What Kubernetes cannot do

Kubernetes is not a traditional, all-inclusive PaaS (Platform as a Service) system. Since Kubernetes operates at the container level rather than at the hardware level, it provides some generally applicable features common to PaaS offerings, such as deployment, scaling, load balancing, and lets users integrate their logging, monitoring, and alerting solutions. However, Kubernetes is not monolithic, and these default solutions are optional and pluggable. Kubernetes provides the building blocks for building developer platforms, but preserves user choice and flexibility where it is important.

  • Does not limit the types of applications supported. Kubernetes aims to support an extremely diverse variety of workloads, including stateless, stateful, and data-processing workloads. If an application can run in a container, it should run great on Kubernetes.
  • Does not deploy source code and does not build your application. Continuous Integration, Delivery, and Deployment (CI/CD) workflows are determined by organization cultures and preferences as well as technical requirements.
  • Does not provide application-level services, such as middleware (for example, message buses), data-processing frameworks (for example, Spark), databases (for example, MySQL), caches, nor cluster storage systems (for example, Ceph) as built-in services. Such components can run on Kubernetes, and/or can be accessed by applications running on Kubernetes through portable mechanisms, such as the Open Service Broker.

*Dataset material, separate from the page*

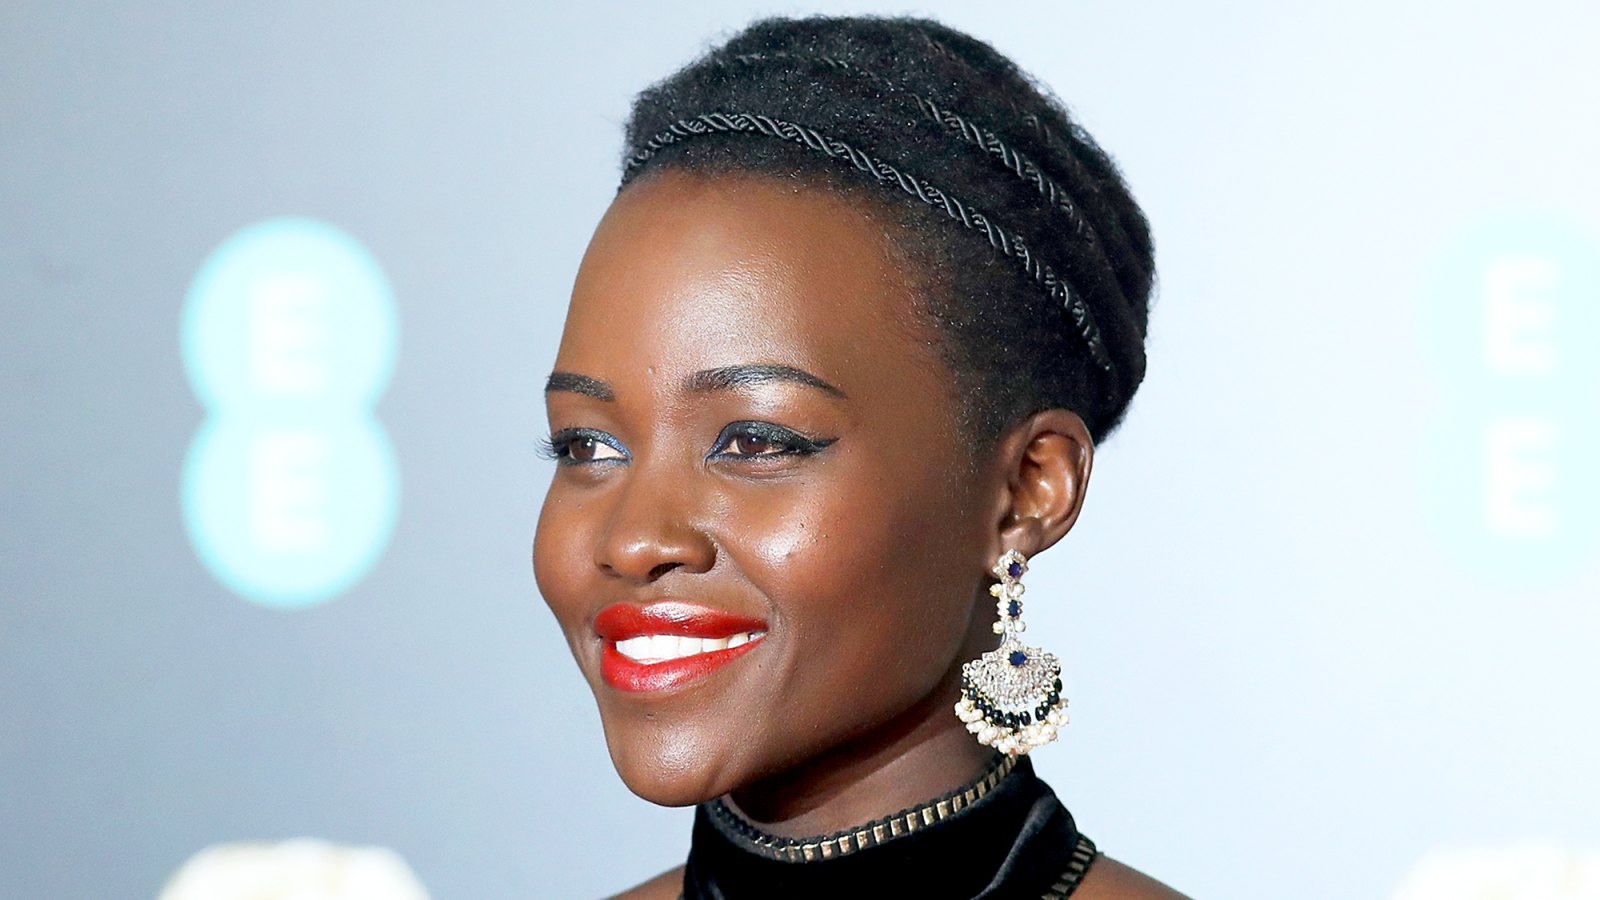 Lupita Nyong'o attends the EE British Academy Film Awards held at Royal Albert Hall on February 18, 2018 in London, England.

  • Does not dictate logging, monitoring, or alerting solutions. It provides some integrations as proof of concept, and mechanisms to collect and export metrics.
  • Does not provide nor mandate a configuration language/system (for example, Jsonnet). It provides a declarative API that may be targeted by arbitrary forms of declarative specifications.
  • Does not provide nor adopt any comprehensive machine configuration, maintenance, management, or self-healing systems.
  • Additionally, Kubernetes is not a mere orchestration system. In fact, it eliminates the need for orchestration. The technical definition of orchestration is execution of a defined workflow: first do A, then B, then C. In contrast, Kubernetes comprises a set of independent, composable control processes that continuously drive the current state towards the provided desired state. It shouldn't matter how you get from A to C. Centralized control is also not required. This results in a system that is easier to use and more powerful, robust, resilient, and extensible.